LogoLanguage
LambdaZen India (P) Ltd1

3rd Floor, Amstor Building, Technopark Campus, Trivandrum , 695581

Data Engineer

Closing Date:24,Oct 2025
Job Published: 10,Oct 2025

Brief Description

We are seeking an experienced Data Engineer with deep expertise in Azure Databricks to design, develop, and maintain high-performance data pipelines and analytical platforms.

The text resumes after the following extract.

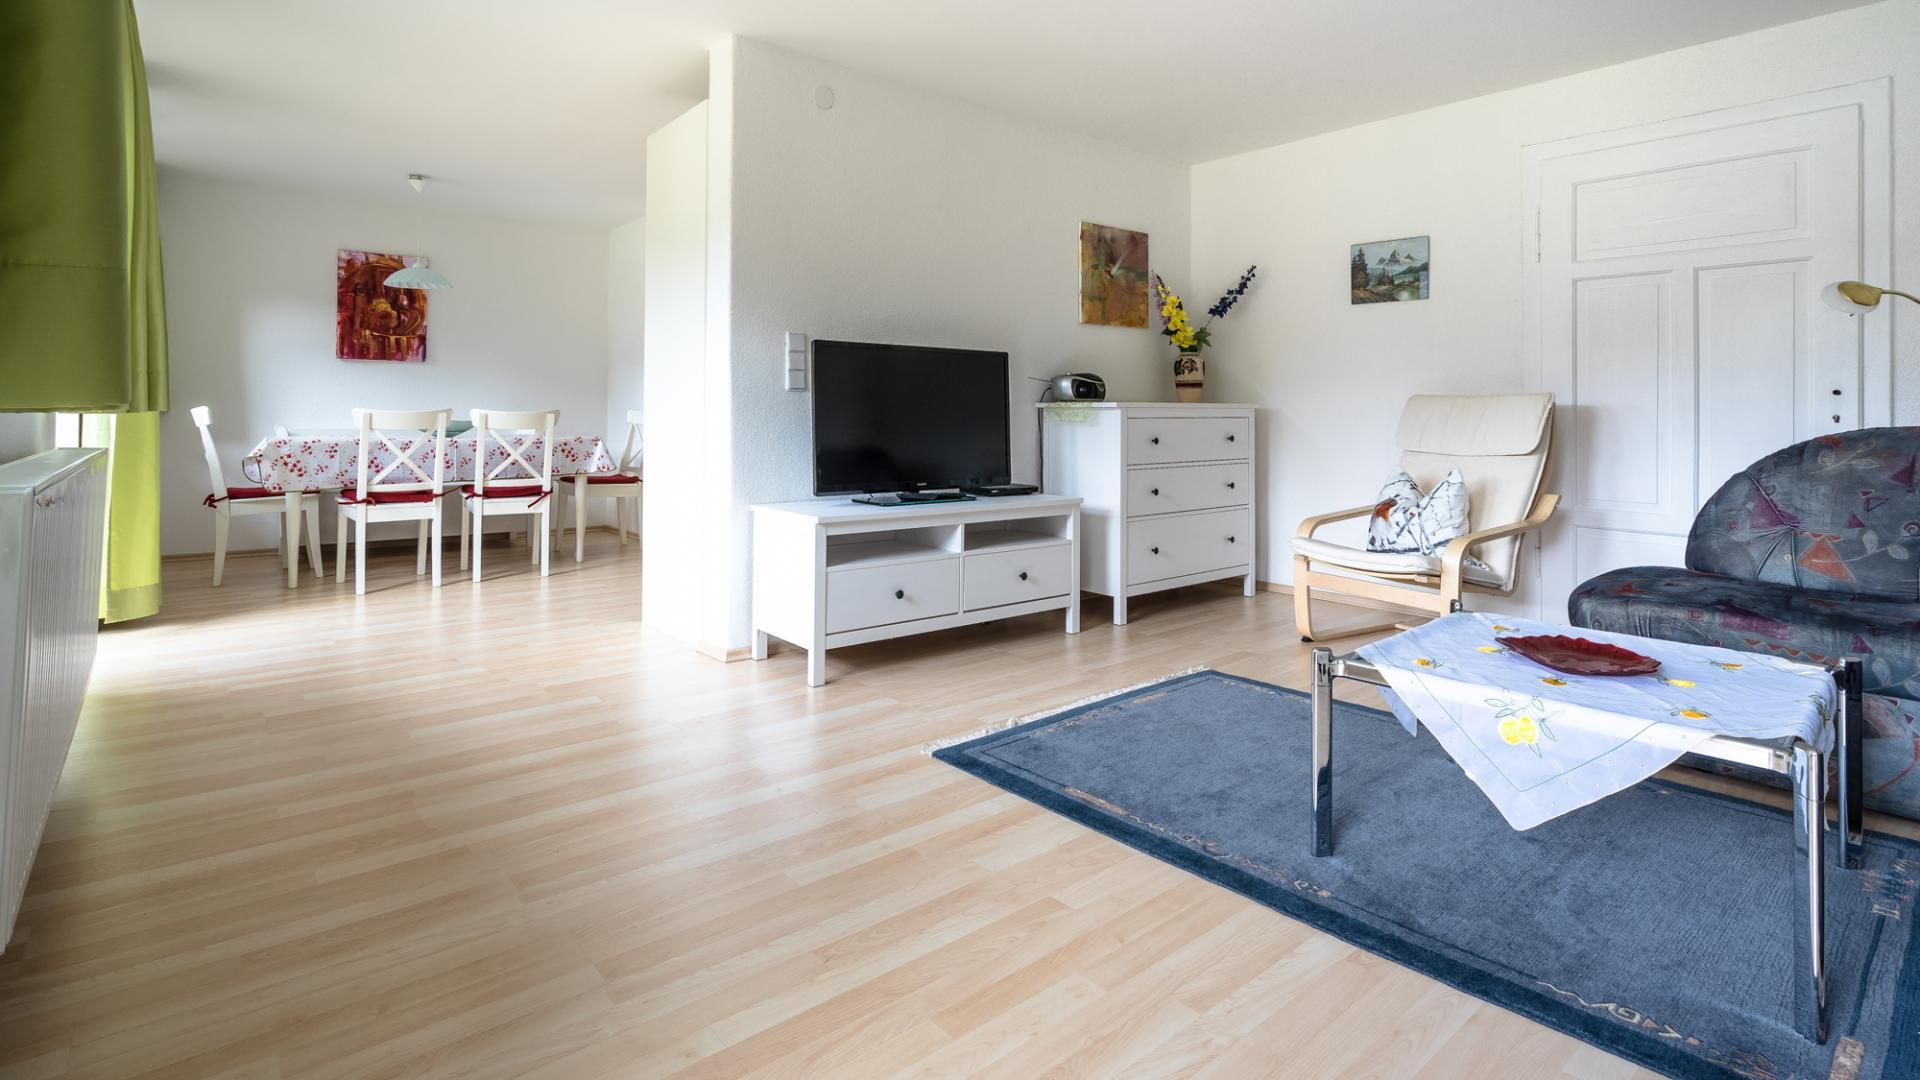 Landhaus Riedl #Willkommen#Wohneinheiten#Bildergalerie

The ideal candidate has hands-on experience building scalable data solutions on Azure, integrating diverse data sources, and enabling data-driven insights across teams.

Key Responsibilities

  • Design, build, and optimize ETL/ELT pipelines using Azure Databricks (PySpark/SQL).

  • Develop and maintain Delta Lake-based data architectures for reliability, scalability, and performance.

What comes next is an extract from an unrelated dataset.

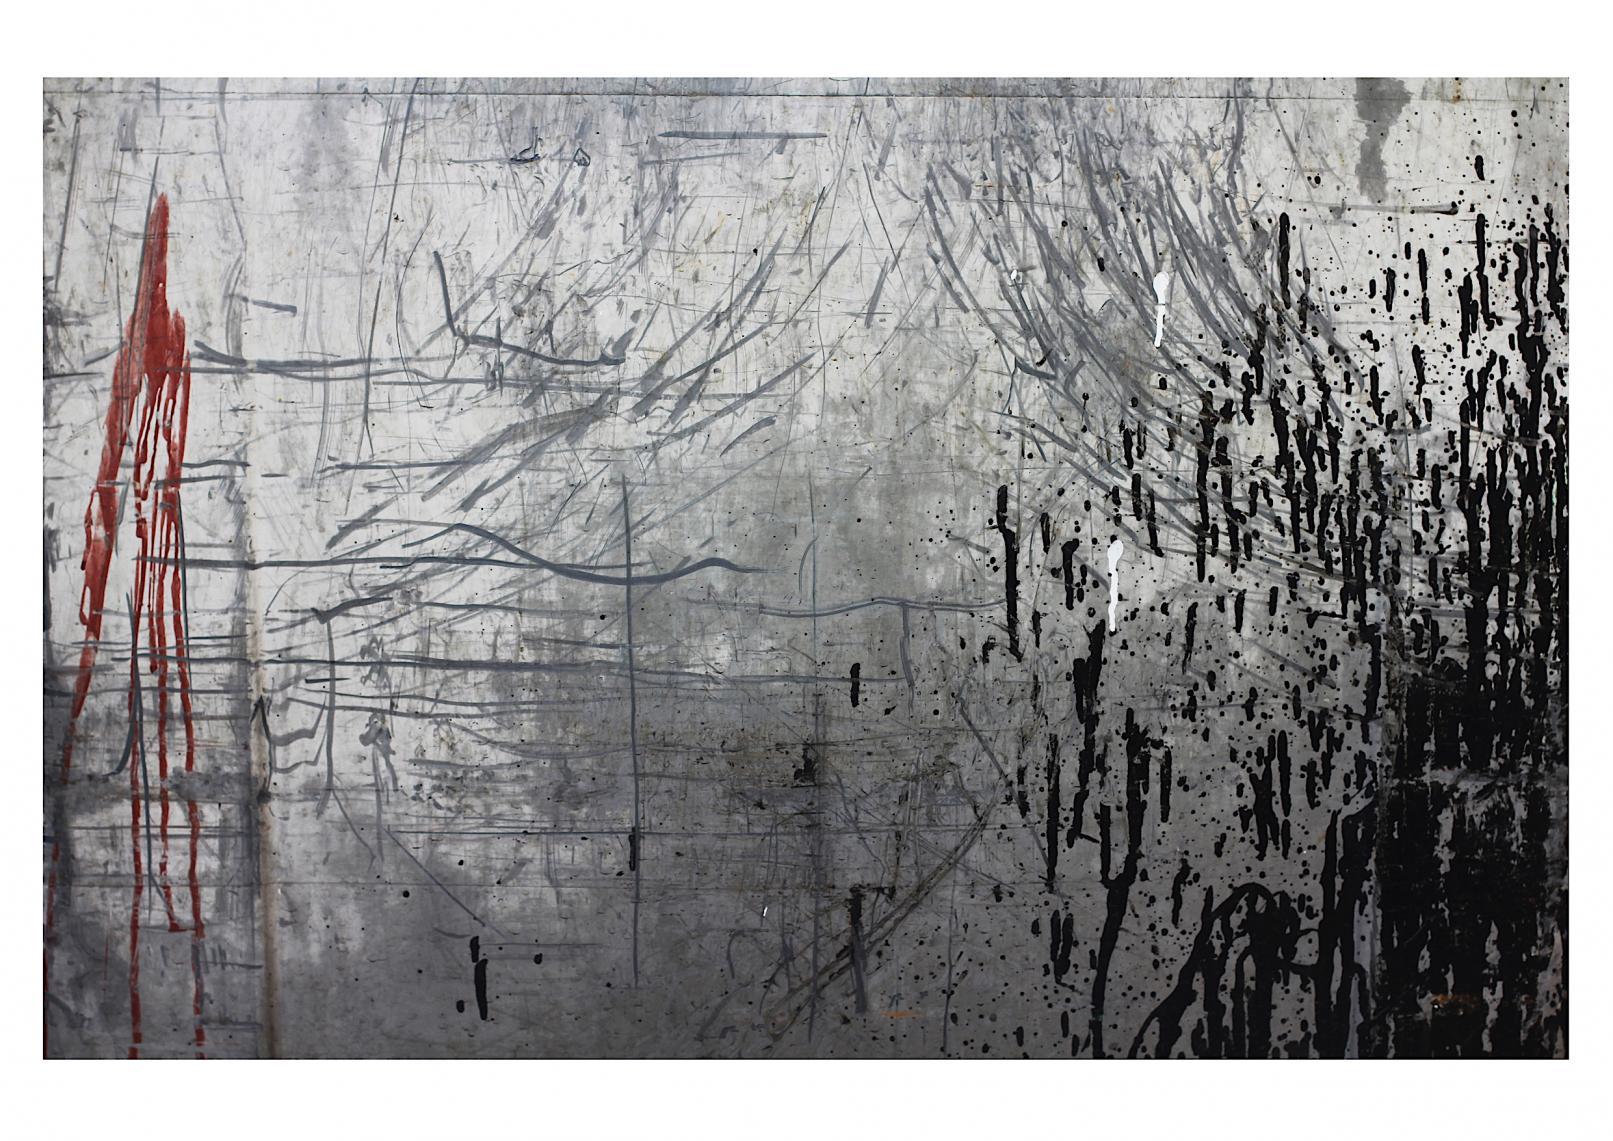 Vedado-Havana (Trash Painting III) (2017) - David Beltrán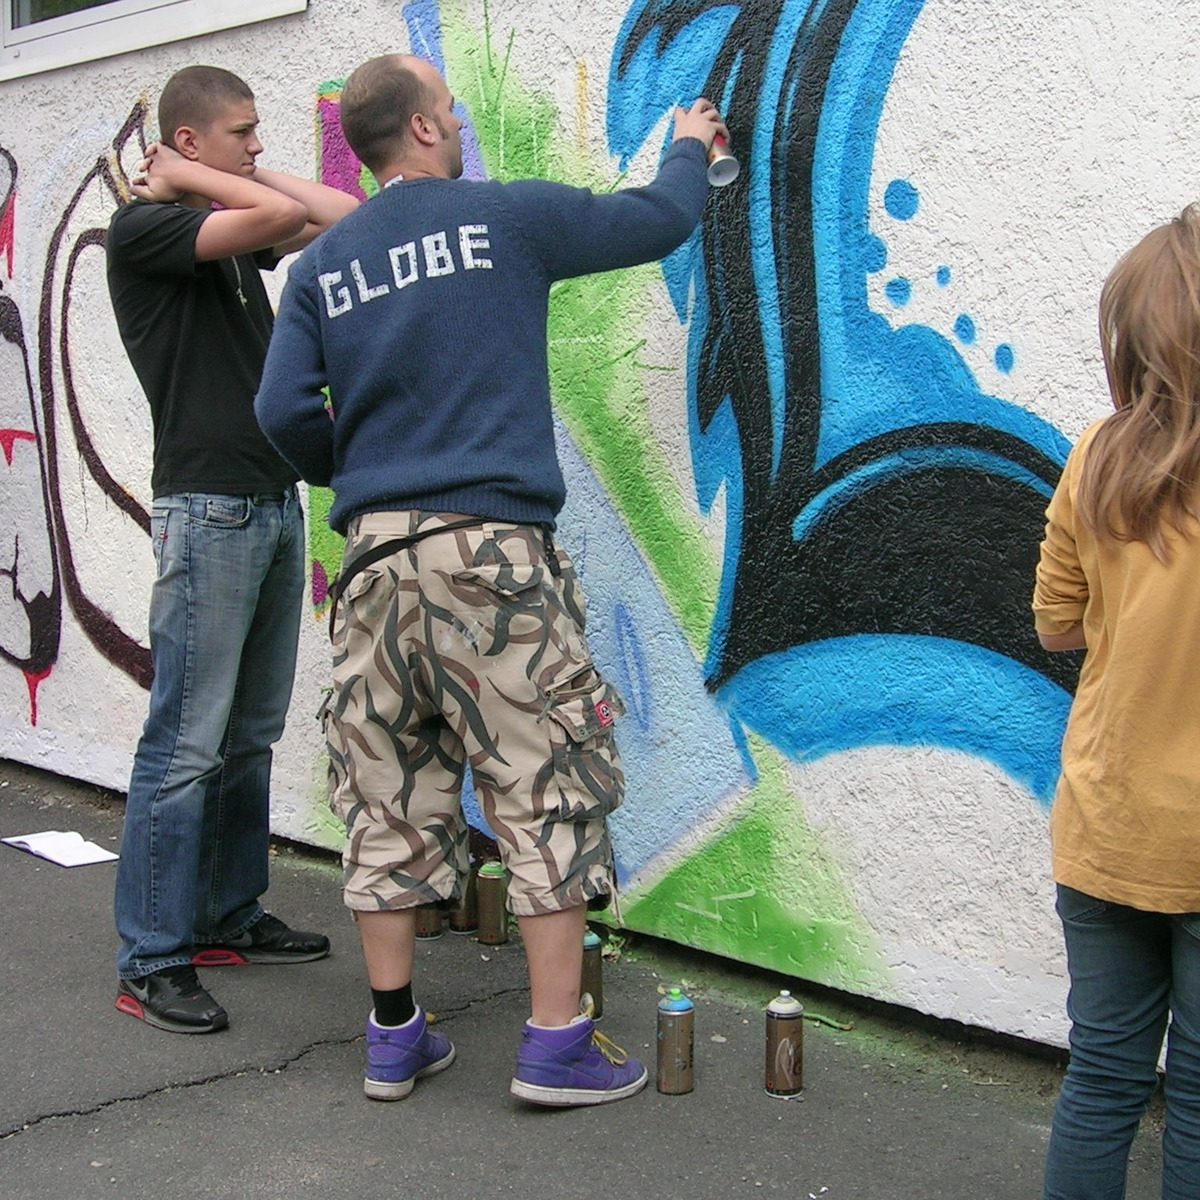 graffitiauftrag_graffitikuenstler_graffitikids_artmos4_schiller_schule_event_graffiti_offenbach_7

  • Integrate data from multiple sources including APIs, streaming platforms, and on-prem databases into Azure Data Lake Storage (ADLS).

  • Manage data orchestration and workflow automation using Azure Data Factory (ADF) or Databricks Workflows.

  • Collaborate with analysts, data scientists, and application developers to ensure clean, high-quality, and well-documented data.

  • Implement and maintain data quality, validation, and monitoring frameworks within Databricks.

  • Optimize data pipelines for cost, speed, and reliability using Databricks clusters, caching, and partitioning.

  • Implement data governance, lineage, and access control in accordance with corporate security policies.

  • Support real-time or near real-time data streaming using Azure Event Hubs, Kafka, or Delta Live Tables.

  • Continuously evaluate new Azure and Databricks capabilities to enhance platform performance.

Preferred Skills

  • Bachelor’s or Master’s degree in Computer Science, Engineering, or a related field.

  • 3–6 years of hands-on experience in data engineering, with at least 2+ years in Azure Databricks.

  • Strong proficiency in PySpark, SQL, and data modeling.

  • Experience with Azure Data Lake Storage (ADLS), Azure Synapse, Azure Data Factory, and Azure Key Vault.

  • Deep understanding of Delta Lake architecture, ACID transactions, and schema evolution.

  • Experience implementing CI/CD for Databricks using GitHub Actions, Azure DevOps, or similar tools.

  • Strong knowledge of data partitioning, caching, and performance tuning in Spark environments.

  • Solid grasp of data governance and security best practices within Azure (e.g., RBAC, Managed Identities).